Englisch: transformer

Kategorie: elektrische Energie

Autor: Dr. Rüdiger Paschotta

Wie man zitiert; zusätzliche Literatur vorschlagen

Ursprüngliche Erstellung: 26.04.2010; letzte Änderung: 21.02.2016

Warum hängt die Stromaufnahme eines Transformators von der Belastung seiner Sekundärspule ab, obwohl diese mit der Primärspule gar nicht elektrisch verbunden ist?
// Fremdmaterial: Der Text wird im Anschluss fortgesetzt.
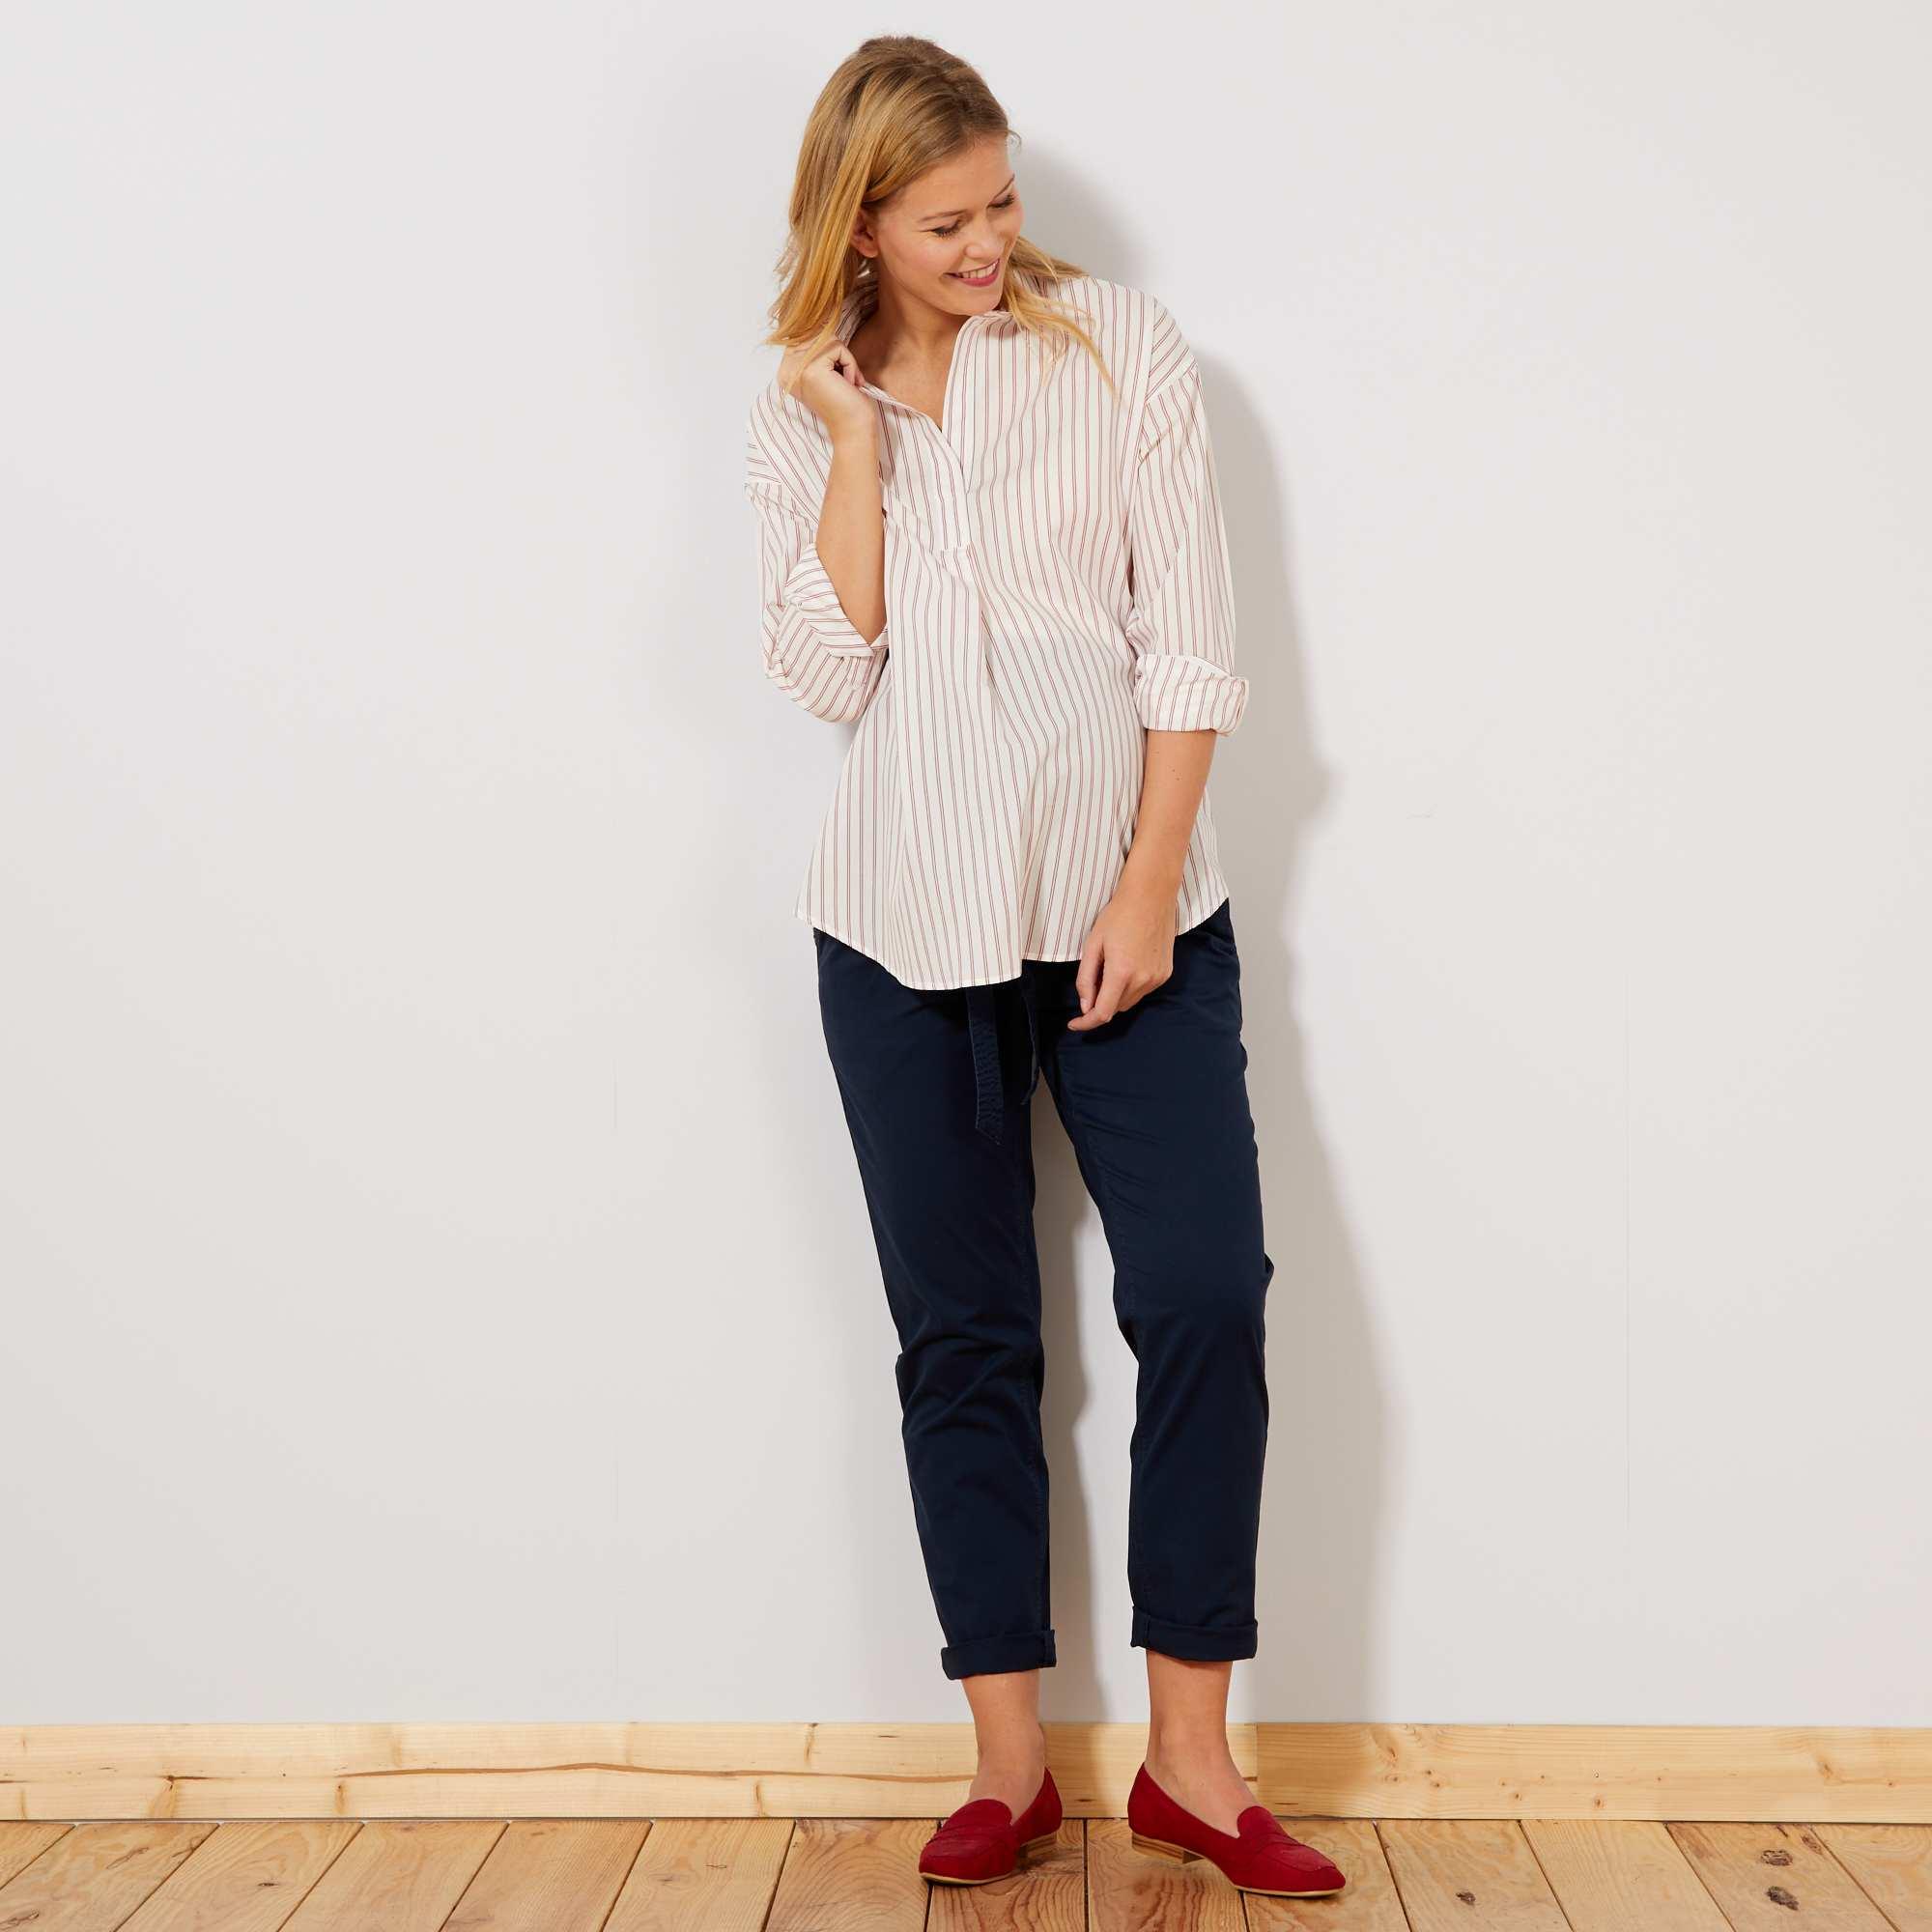 7b12d9dab5 Pantalón chino + cinturón Mujer talla 34 a 48 - azul - Kiabi - 25

Ein Transformator ist ein elektromagnetisches Bauteil, welches Wechselstrom oder Drehstrom (nicht aber Gleichstrom) auf ein anderes Niveau von elektrischer Spannung und Stromstärke bringen kann. Das Grundprinzip ist, dass mit einem Elektromagneten (meist einer Spule auf einem Eisenkern) ein in Richtung und Stärke wechselndes Magnetfeld erzeugt wird, welches in einer zweiten Spule (oder in mehreren Spulen) andere Spannungen und Ströme induzieren kann. Es ist möglich, auf diese Weise eine niedrigere oder höhere Spannung als die Primärspannung zu erhalten; das Spannungsverhältnis wird im Wesentlichen durch das Verhältnis der Windungszahlen der beteiligten Spulen bestimmt. Wenn die Sekundärwicklung weniger Windungen hat als die Primärwicklung, ist die Sekundärspannung niedriger als die Primärspannung, und dafür kann die vom Transformator abgegebene Stromstärke höher sein als die aufgenommene.
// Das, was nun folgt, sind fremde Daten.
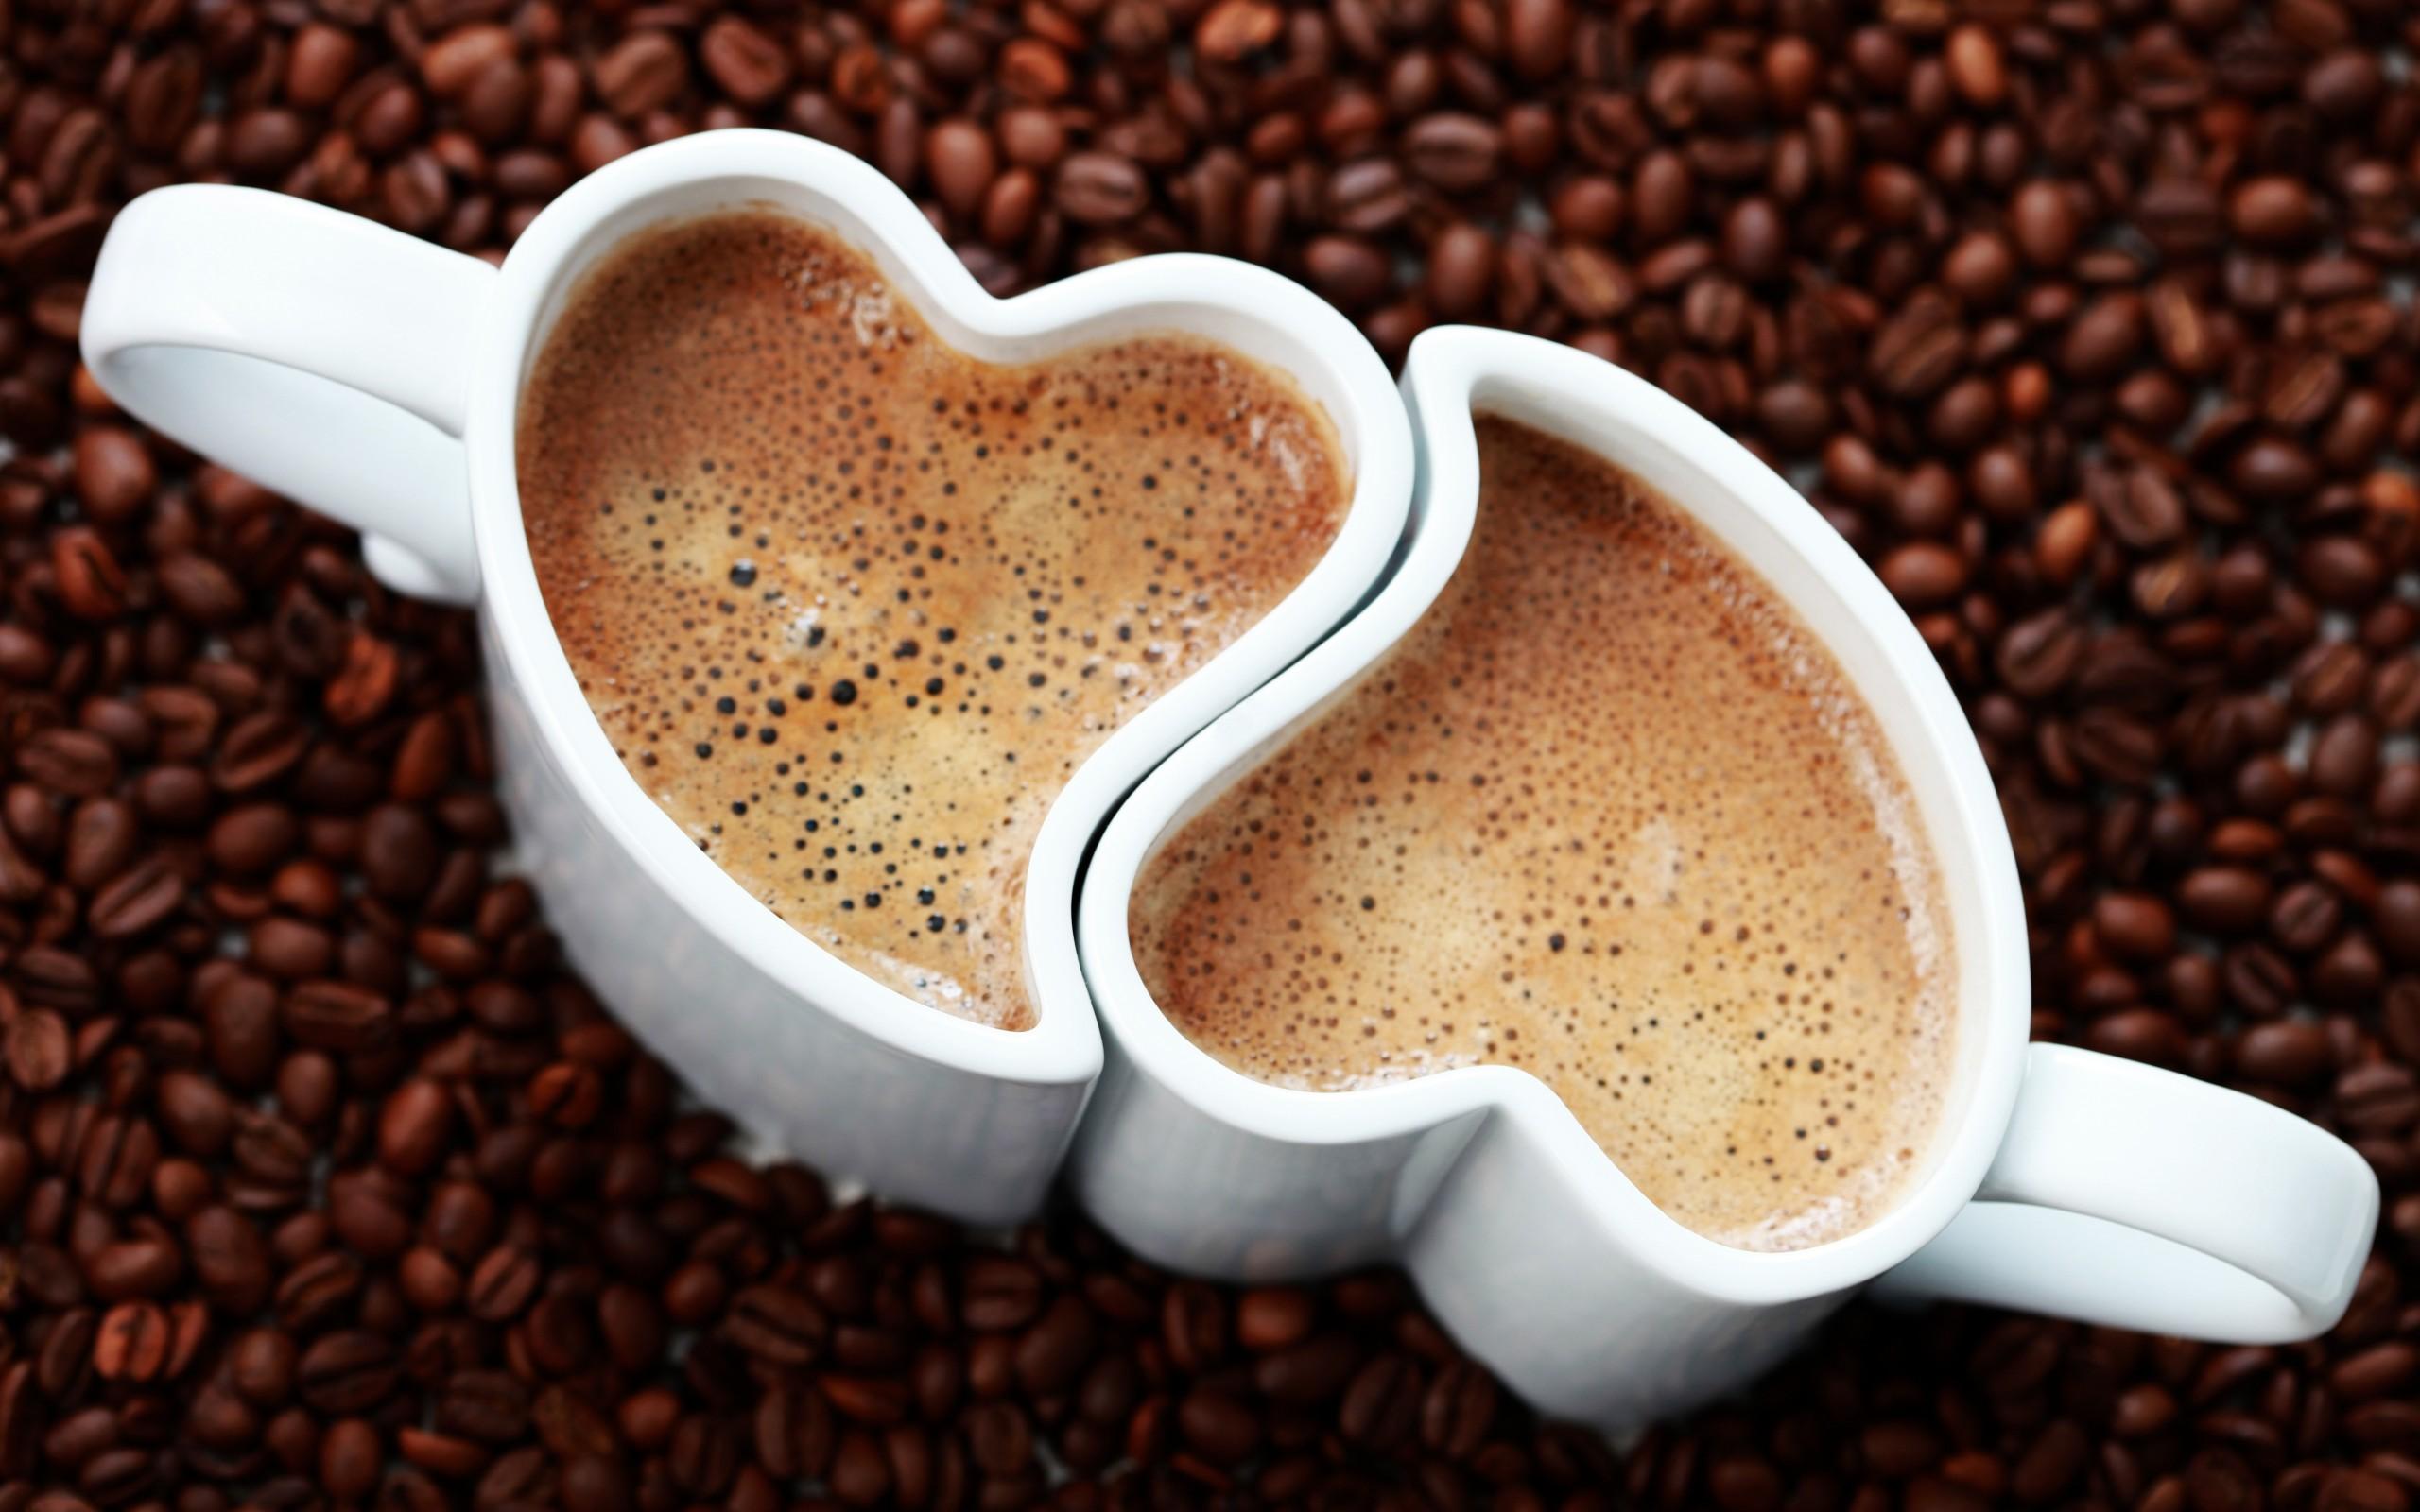 NGUYEN CHAT COFFE luôn cung cấp các sản phẩm cà phê chất lượng tốt nhất.

In vielen Fällen wird die Primärspule eines Transformators an die Netzspannung (z. B. 230 V) angeschlossen, und die Sekundärspule erzeugt eine deutlich niedrigere Spannung für die Versorgung eines Geräts. Oft folgt ein Gleichrichter und ein Kondensator, um eine geglättete Gleichspannung zu erhalten.

Obwohl die Primär- und Sekundärspule meistens nicht elektrisch miteinander verbunden sind (außer bei den selten eingesetzten Spartransformatoren), gibt es über das Magnetfeld eine Rückwirkung: Die Primärspule bezieht umso mehr Strom, je höher die der Sekundärspule entnommene Stromstärke ist. Ein gewisser kleiner Primärstrom bleibt jedoch, auch wenn die Sekundärspule nicht belastet wird; es handelt sich weitgehend um einen Blindstrom (der im Zeitmittel keine Leistung transportiert) und teilweise um einen Wirkstrom, der Energieverluste bedeutet. Dieser Standby-Verbrauch kann je nach Leistung und Qualität des Geräts erheblich sein.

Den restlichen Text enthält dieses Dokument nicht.